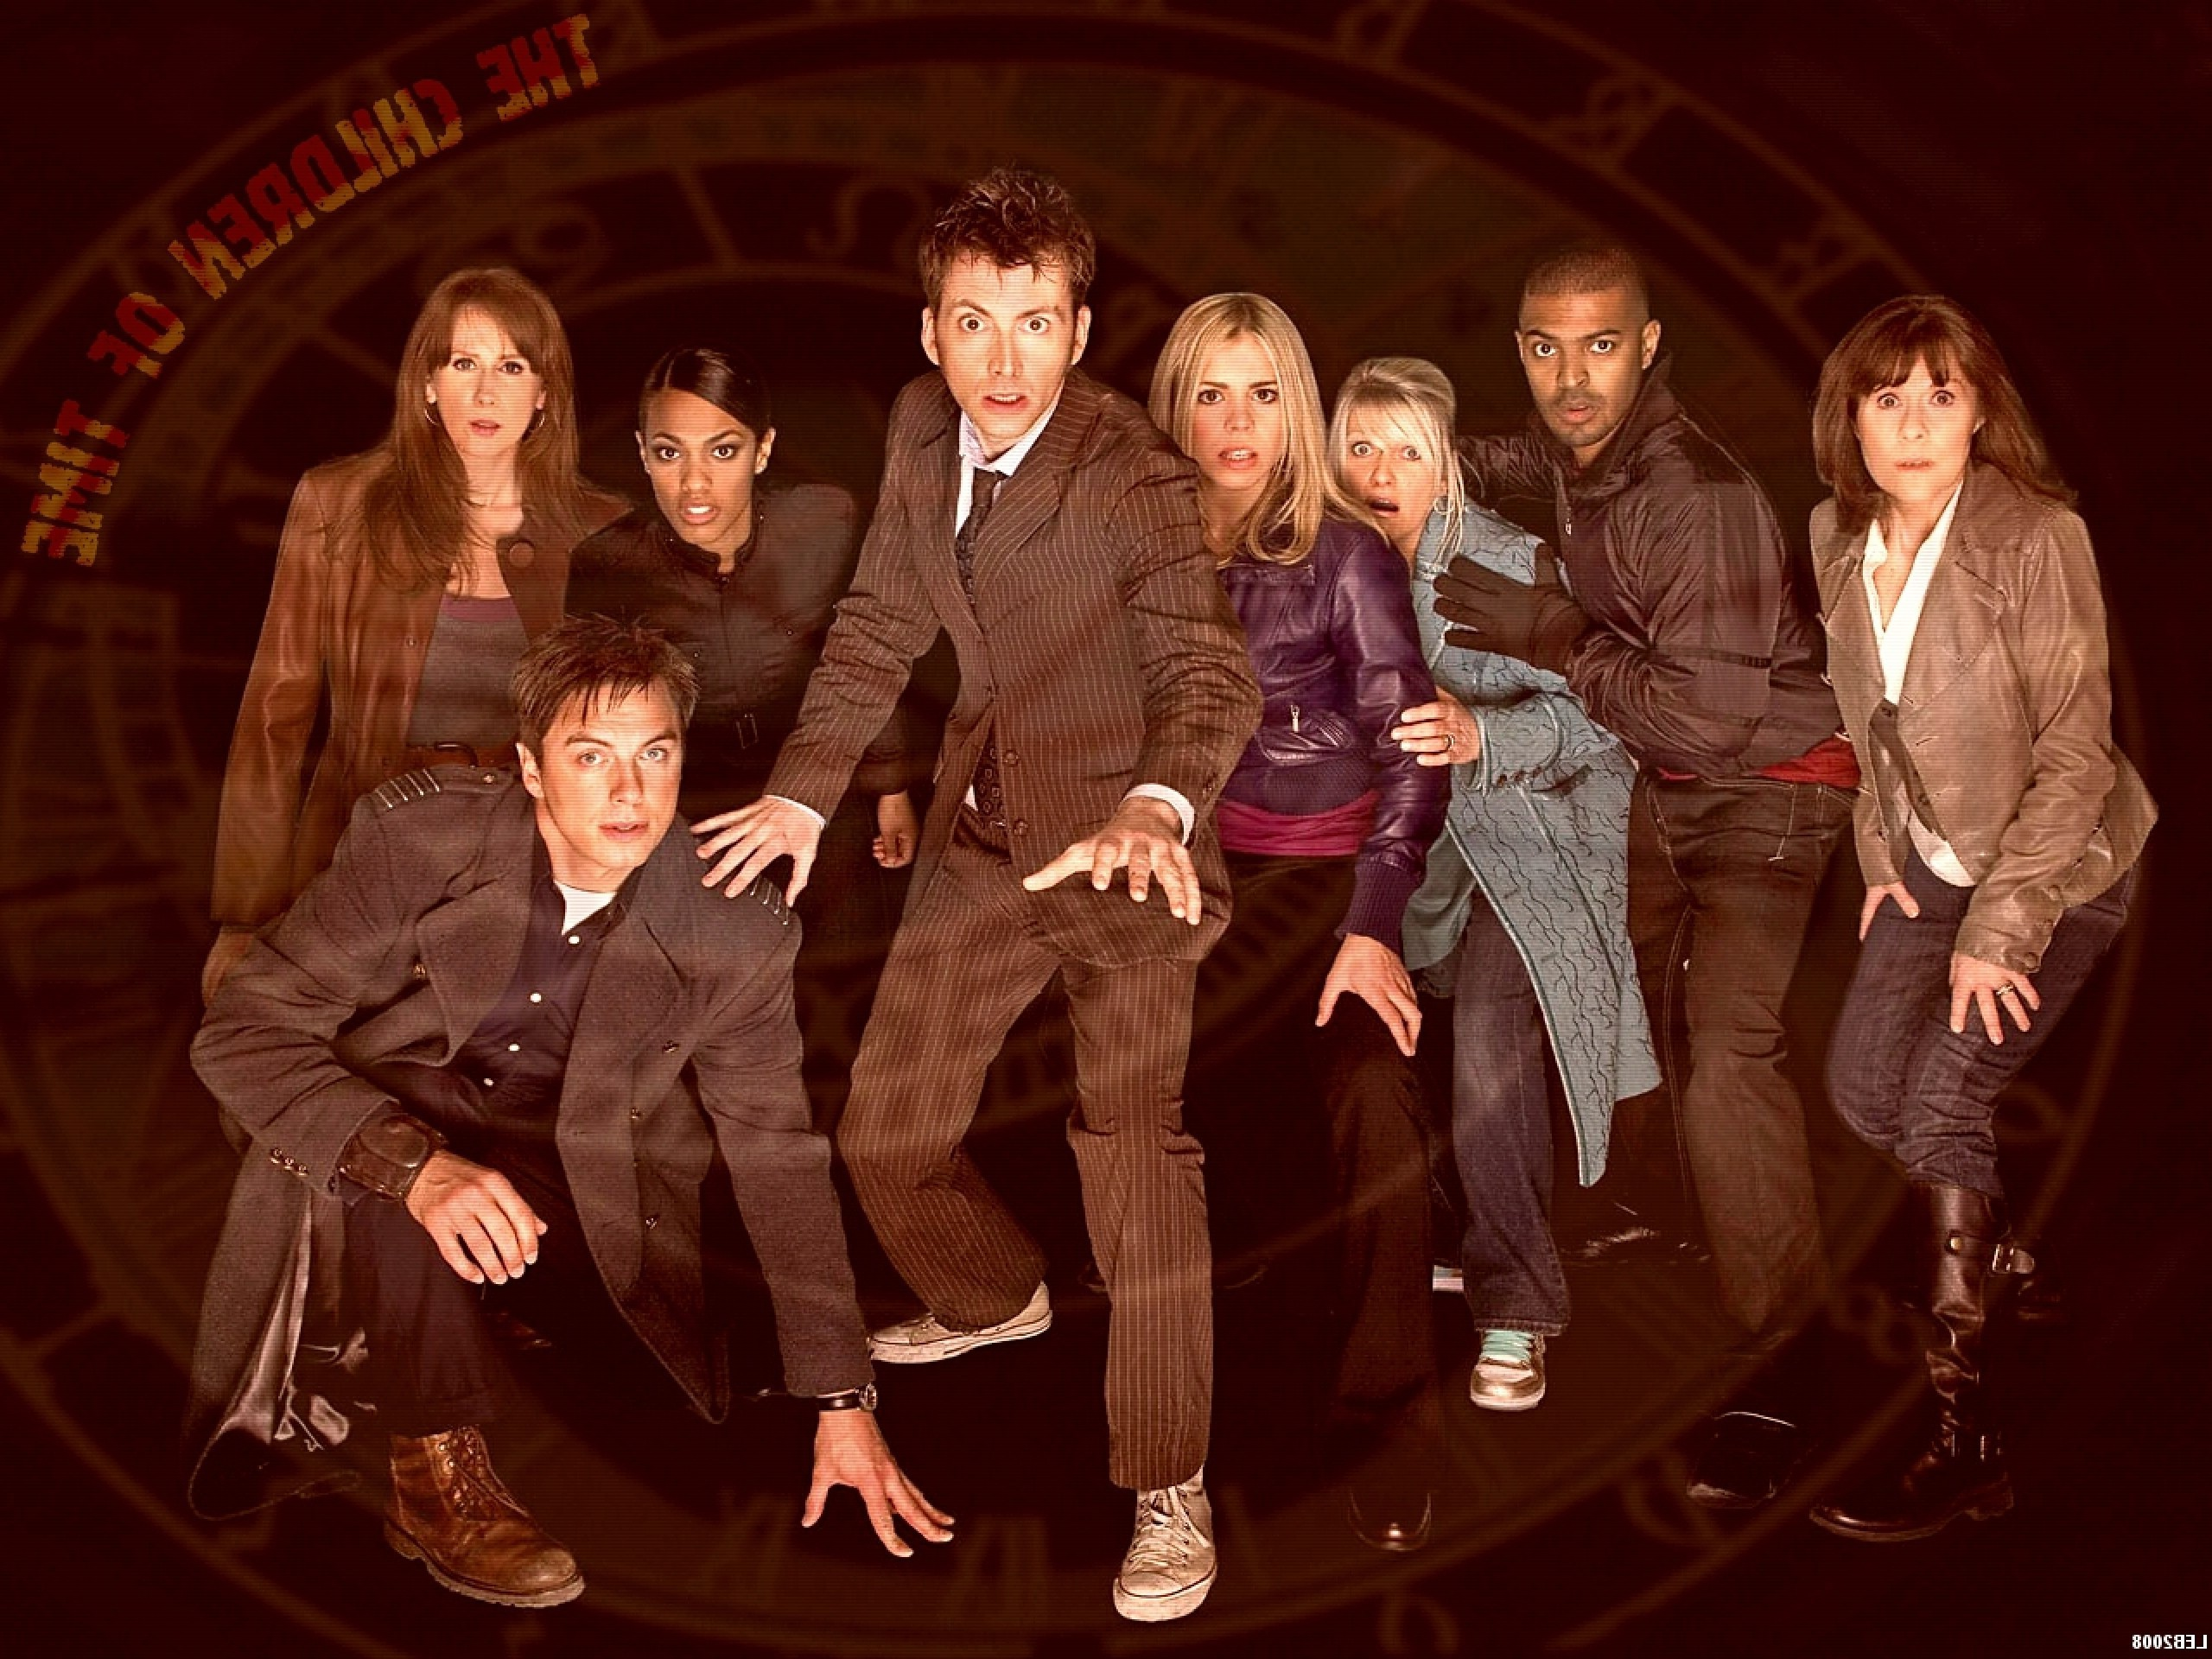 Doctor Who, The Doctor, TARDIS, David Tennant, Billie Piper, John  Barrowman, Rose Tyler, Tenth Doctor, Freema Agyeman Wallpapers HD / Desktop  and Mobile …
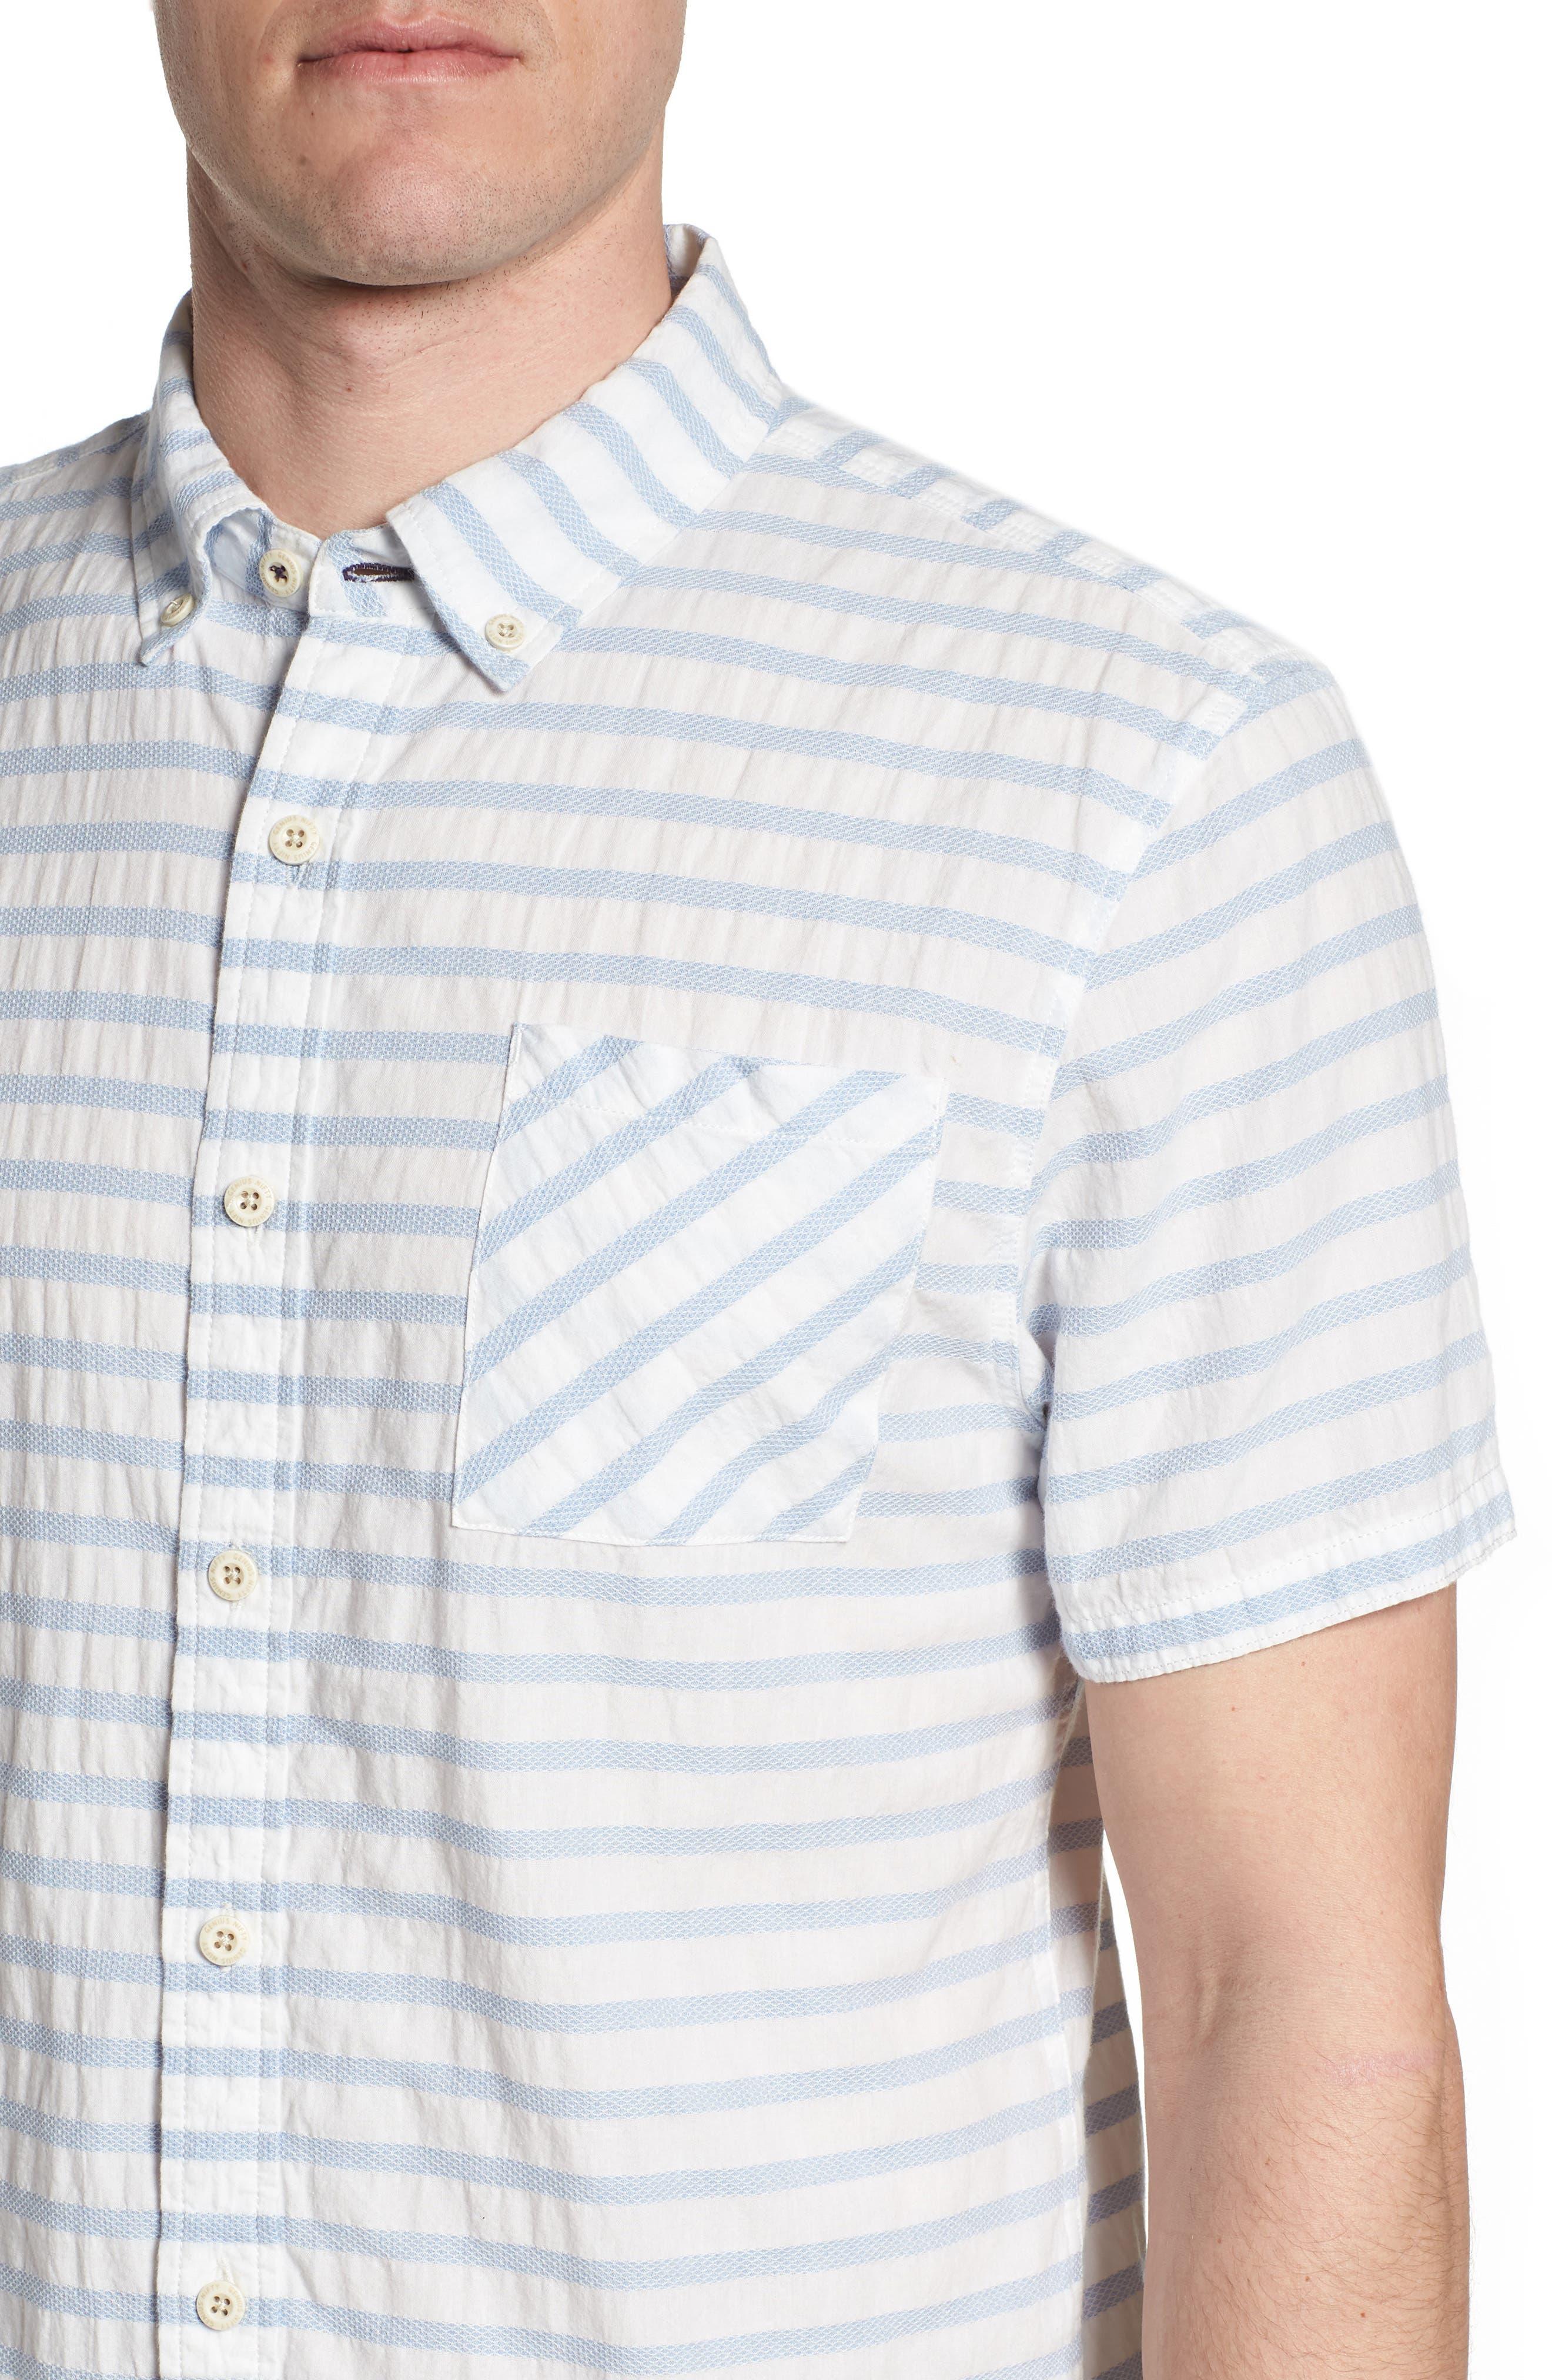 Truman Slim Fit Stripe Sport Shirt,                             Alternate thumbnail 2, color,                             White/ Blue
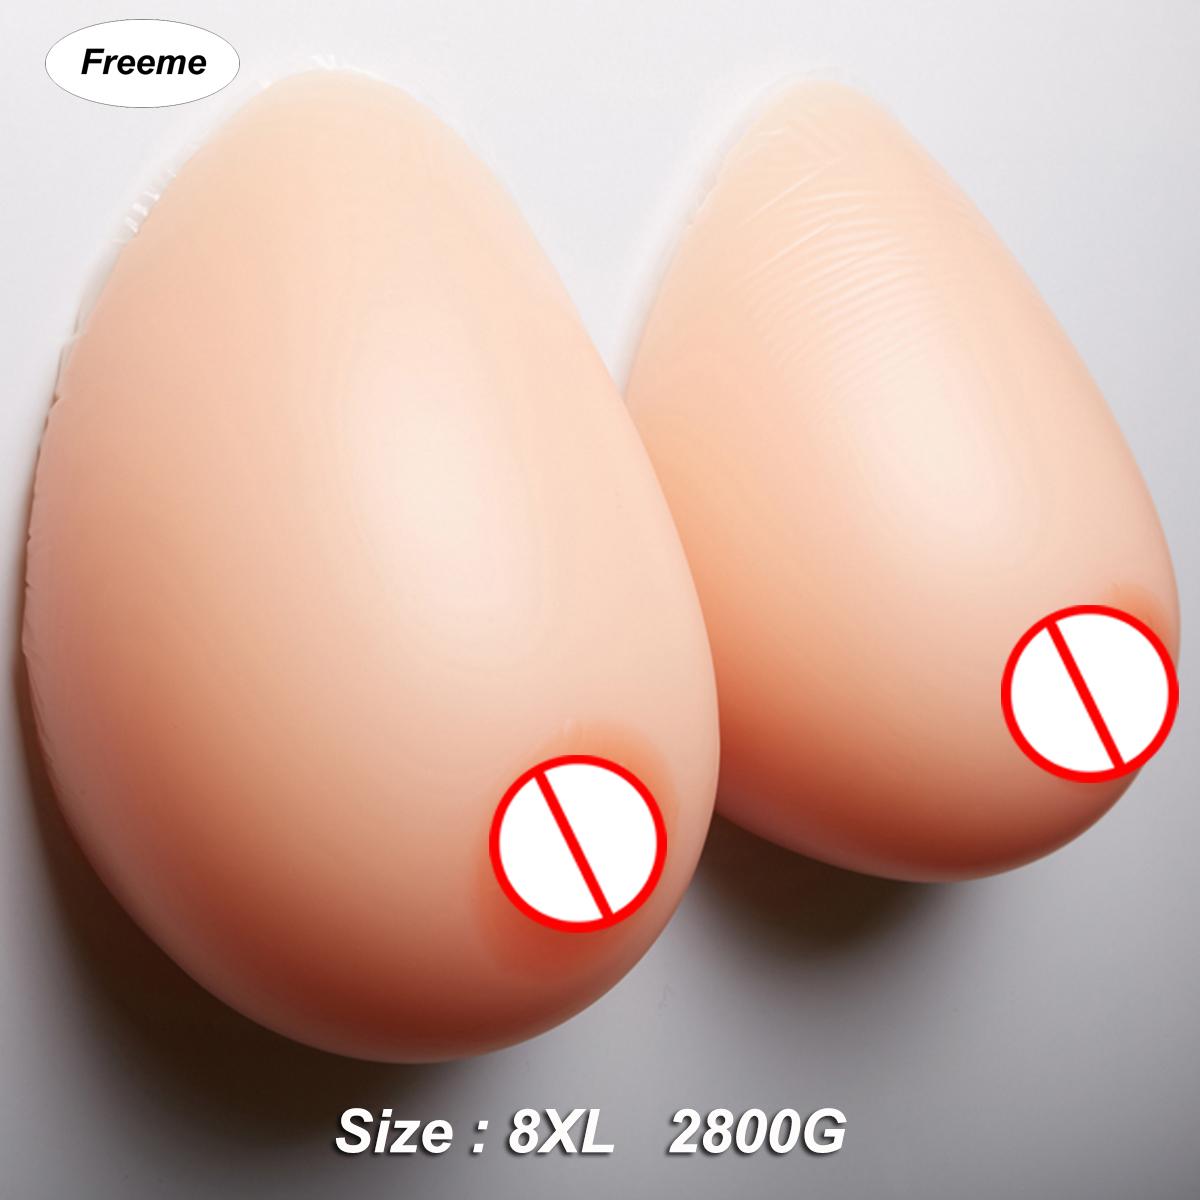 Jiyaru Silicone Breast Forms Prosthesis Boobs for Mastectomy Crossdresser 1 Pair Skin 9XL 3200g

» **Problem to work on**: Write out the listing above in full, word for word, with no pictures.

» **Solved problem**:
 Doctor Who, The Doctor, TARDIS, David Tennant, Billie Piper, John  Barrowman, Rose Tyler, Tenth Doctor, Freema Agyeman Wallpapers HD / Desktop  and Mobile …
 Truman Slim Fit Stripe Sport Shirt,                             Alternate thumbnail 2, color,                             White/ Blue
 Jiyaru Silicone Breast Forms Prosthesis Boobs for Mastectomy Crossdresser 1 Pair Skin 9XL 3200g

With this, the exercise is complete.